# GIVEN DATA
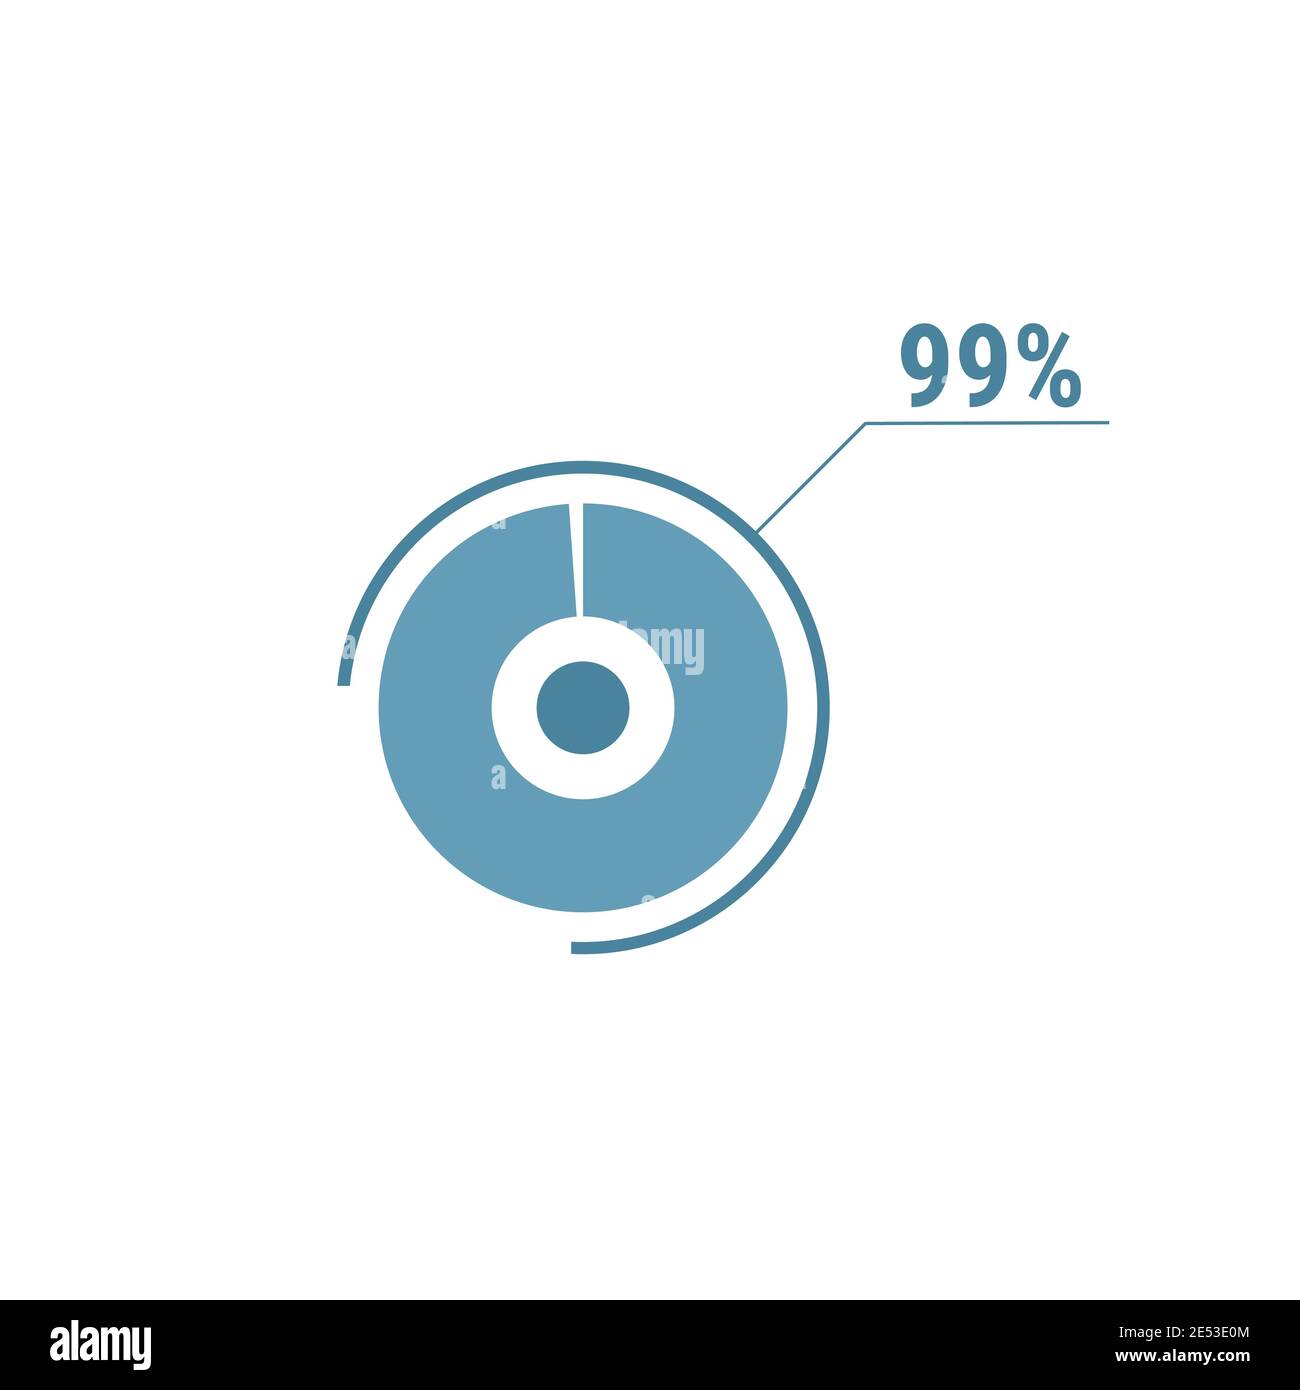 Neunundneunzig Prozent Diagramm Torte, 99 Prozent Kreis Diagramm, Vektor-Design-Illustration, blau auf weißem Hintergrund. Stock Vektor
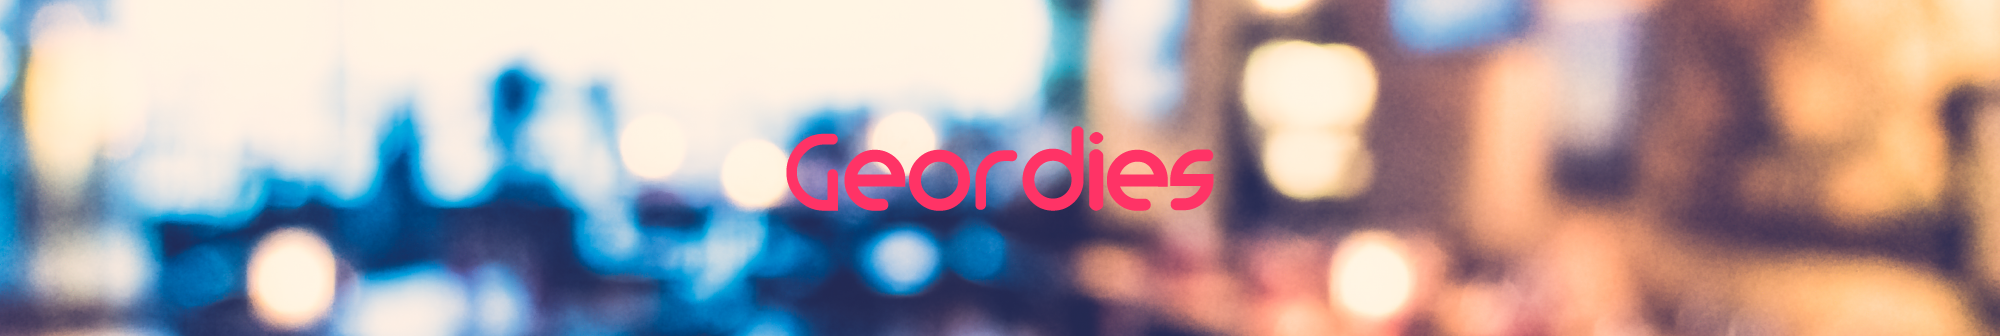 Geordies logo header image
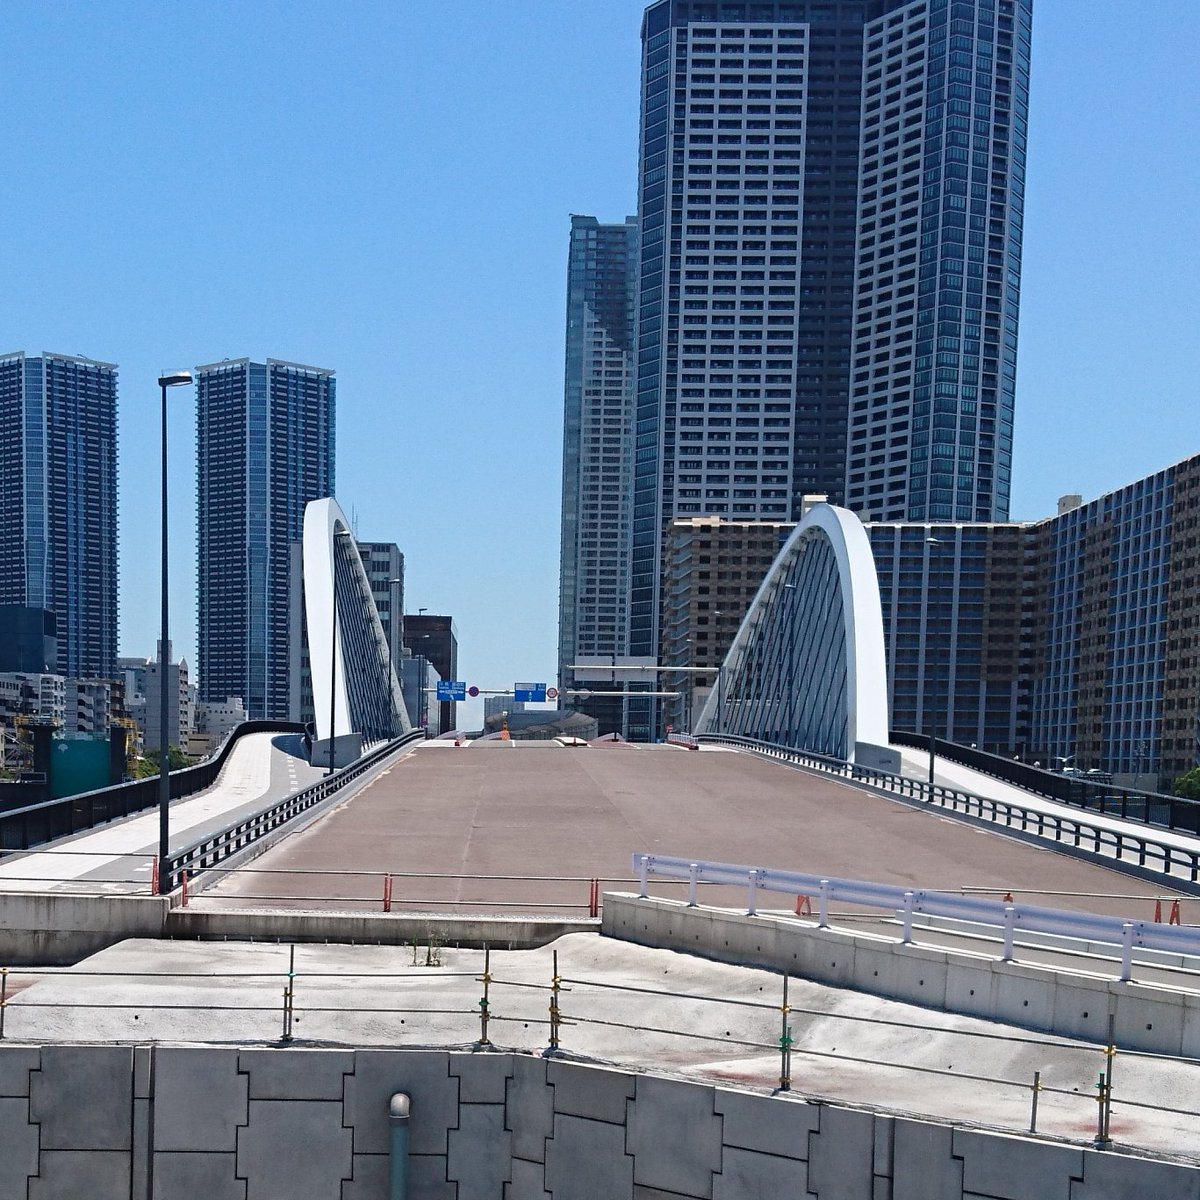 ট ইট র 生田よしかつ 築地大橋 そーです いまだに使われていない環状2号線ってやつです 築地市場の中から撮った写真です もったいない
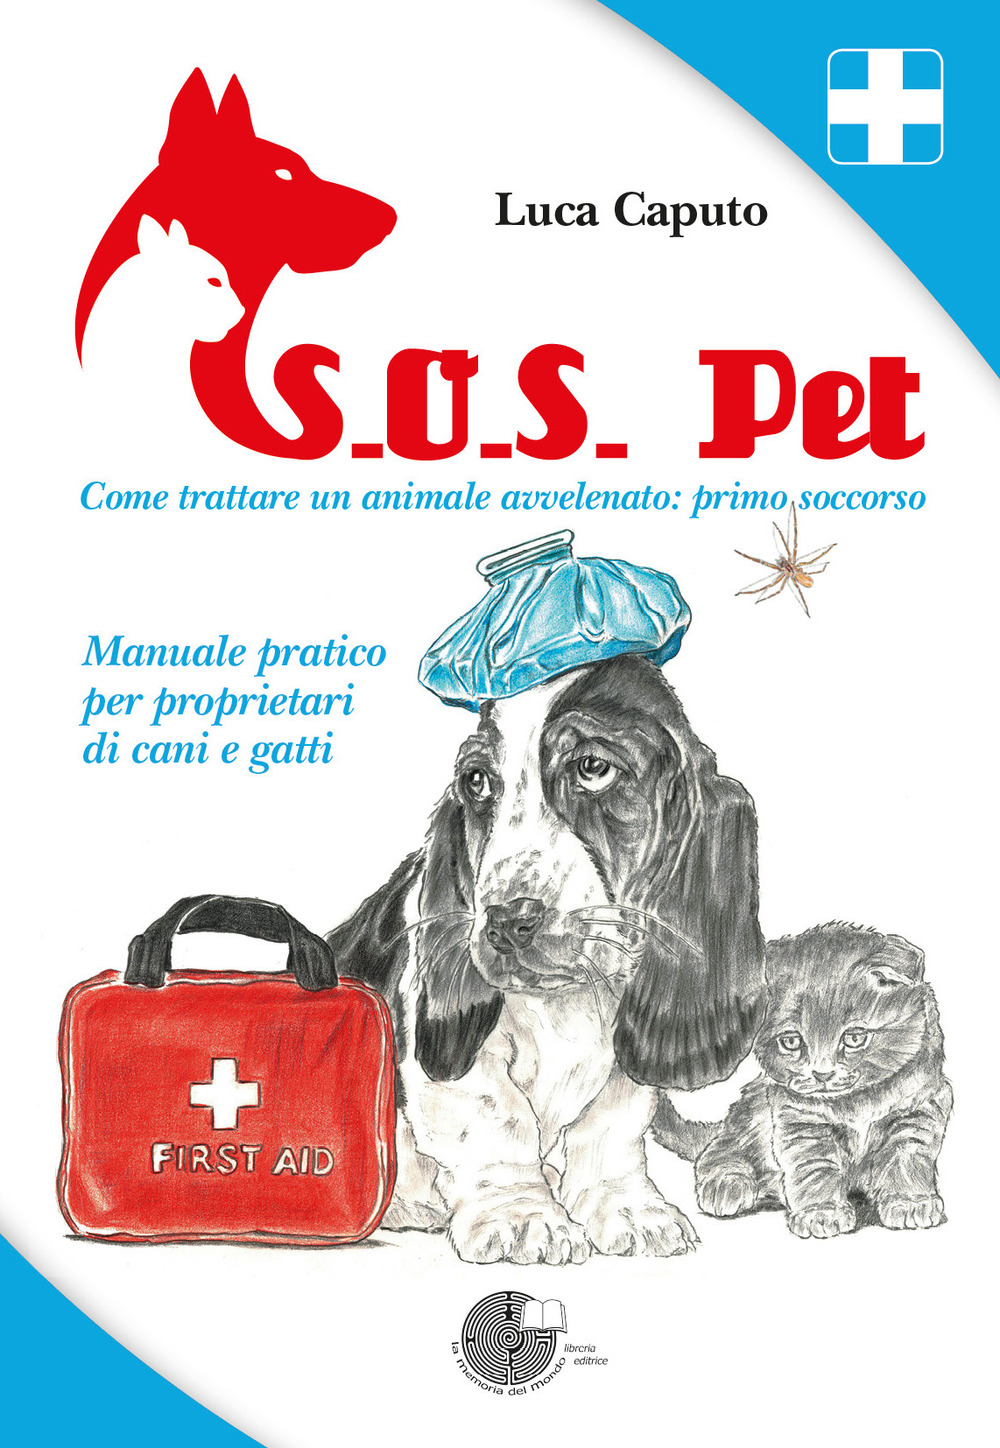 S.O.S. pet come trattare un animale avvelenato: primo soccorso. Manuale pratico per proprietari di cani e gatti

# PROBLEM REQUIREMENTS
Retype the listing above exactly as it appears, omitting the pictures.

# RESPONSE TO THE EXERCISE
 Neunundneunzig Prozent Diagramm Torte, 99 Prozent Kreis Diagramm, Vektor-Design-Illustration, blau auf weißem Hintergrund. Stock Vektor
 Geordies logo header image
 ট ইট র 生田よしかつ 築地大橋 そーです いまだに使われていない環状2号線ってやつです 築地市場の中から撮った写真です もったいない
 S.O.S. pet come trattare un animale avvelenato: primo soccorso. Manuale pratico per proprietari di cani e gatti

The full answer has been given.